Many of those mitigations above either reduce the generalized usefulness of the language model or require some specialized knowledge of how the model is in use. Both of these are fine tradeoffs to make in many cases, but the web is too open ended to knowingly constrain input. Of course, too, the web cannot be trusted at face value, so even when there are markers for a specific kind of field, OpenAI itself says it will use Aria tags (accessibility labels not visible on a webpage) to guide model behavior. So your model will be experiencing a different version of a given webpage than you by OpenAI's own admission. On output mitigations, OpenAI does not have a great track record of mitigating risks to customers in output. And on the topic of red-teaming, I encourage you to look at the red-teaming section in the Agent paper, the majority of which I quote here:
Prompt injection red teaming was carried out by several organizations focused on cybersecurity testing. This occurred in parallel to internal red teaming, focusing on injection techniques that could exfiltrate data. We do not list specific attack details and mitigation updates here to avoid providing a roadmap for future attackers. Further details about our prompt injection evaluations and mitigations can be found in 3.1, and were informed by the human red teaming efforts throughout the product development process.

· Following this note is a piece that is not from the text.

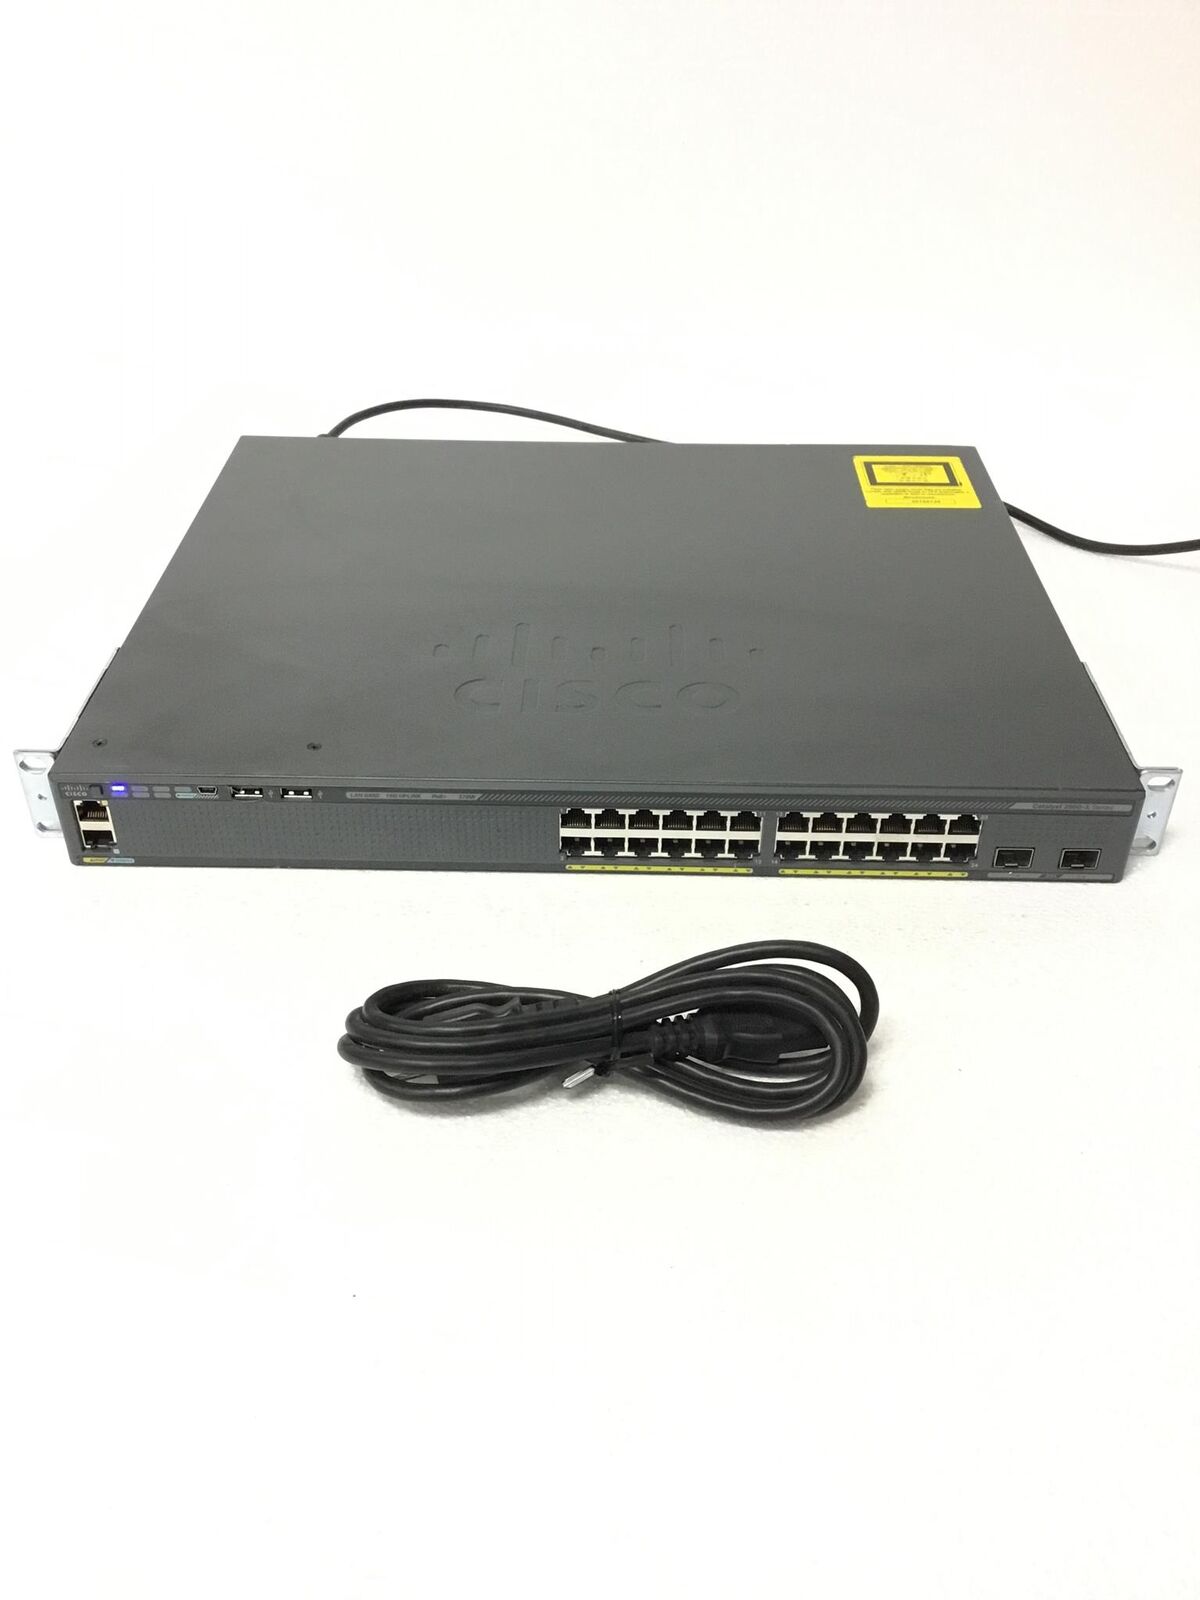 CISCO CATALYST 2960-X WS-C2960X-24PD-L 24 Port Network Switch w/Rack Ears QTY
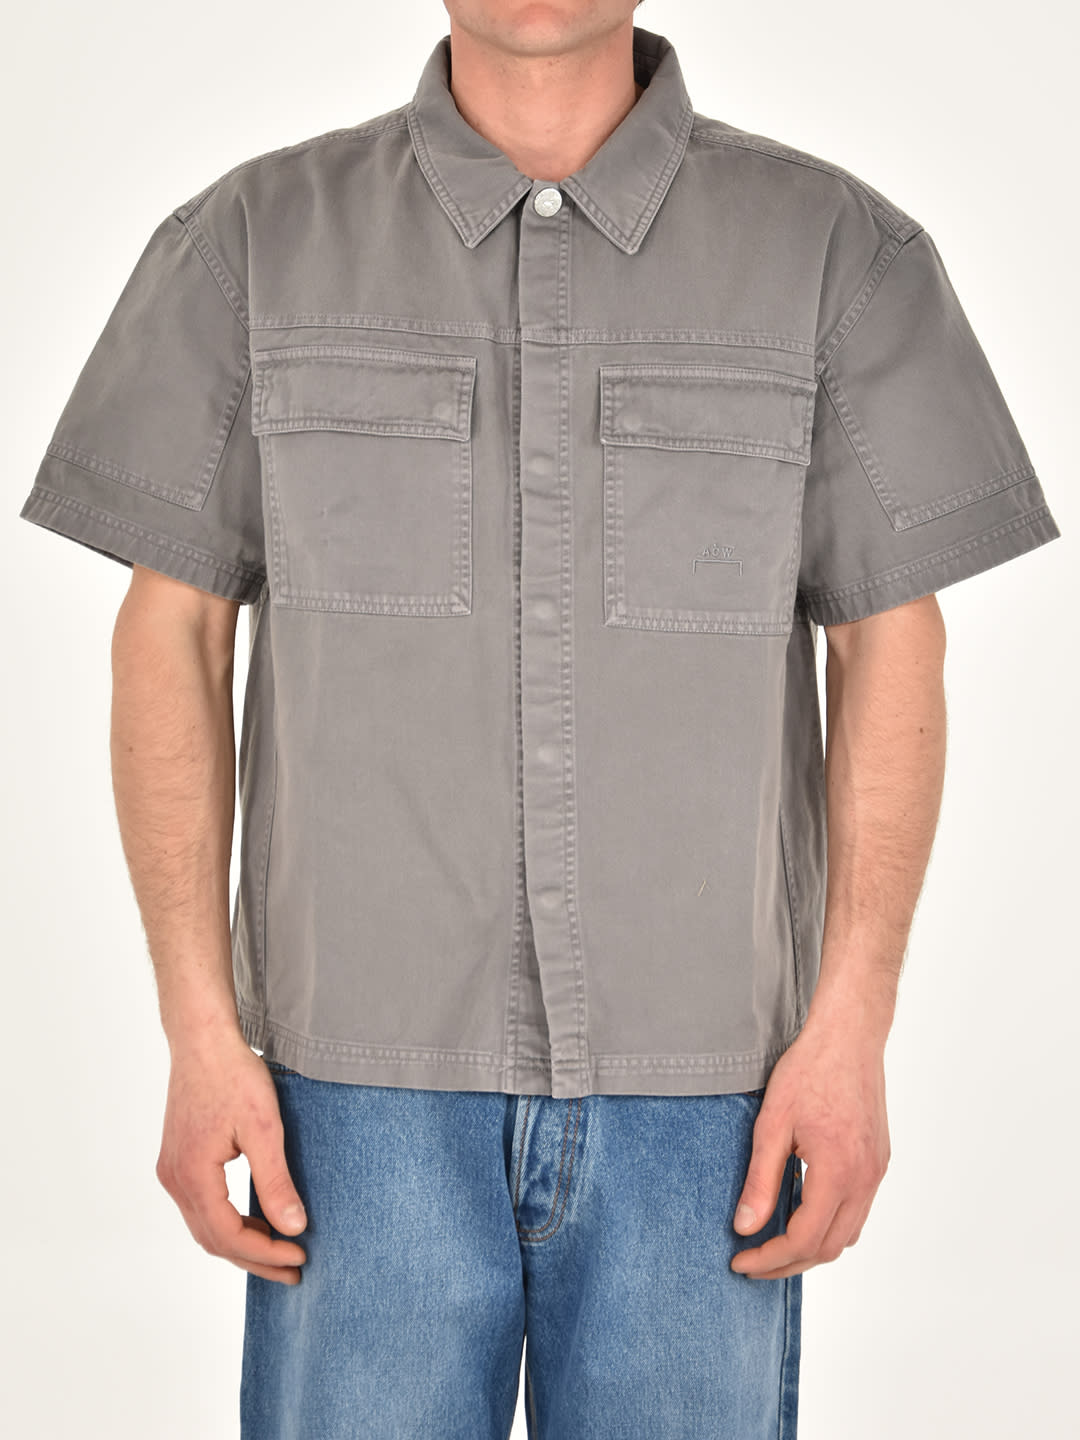 A-COLD-WALL Gray Cotton Shirt

So while they do red-teaming and have continous monitoring of their systems, there are known non-transparent risks. And most of the testing was done on exfiltration attacks (sending privileged information to a third party). For results of different kinds of prompt injections, they provide the following tables:
Not bad results given this is the model only without additional mitigations built into the Atlas product (notably lacking in transparency), but clearly room for improvement. I am not okay knowing that 22% of the attacks OpenAI researchers thought of succeeded in exfiltrating data. 😅
If you choose to use this browser, the best mitigation you can apply is to only access public web content with it or other content you do not care is leaked to a third party. Do not log into banks, your employer's internal websites, or any other confidential places since it is possible this info is extracted either through adversarial prompts or through future models trained on this information.
Prompt Injections are here to stay
Prompt injections can grant users access to content and services they otherwise may not have access to by hijacking prompt sources prior to performing generative AI on some text/data. Direct prompt injection is a risk to builders providing inadvertent experiences to their customers. Meanwhile, indirect prompt injection is a risk to us all. For any system where the input is not known (like the web) and also cannot be constrained in meaningful ways, you drastically open up the risk. And the risk profile gets much worse when you are taking action on behalf of a model output, as is the case is agentic systems.
I hope this gives you some perspective on some of the fundamental problems in building AI Agents, and other Generative AI tools. This is why I am a believer in more software built using models where there is a specific purpose and set of constraints, but not so much on releasing Agents (and chatbots) into our unconstrained world with increasingly high levels of privilege. I think such cases are just waiting for massive problems.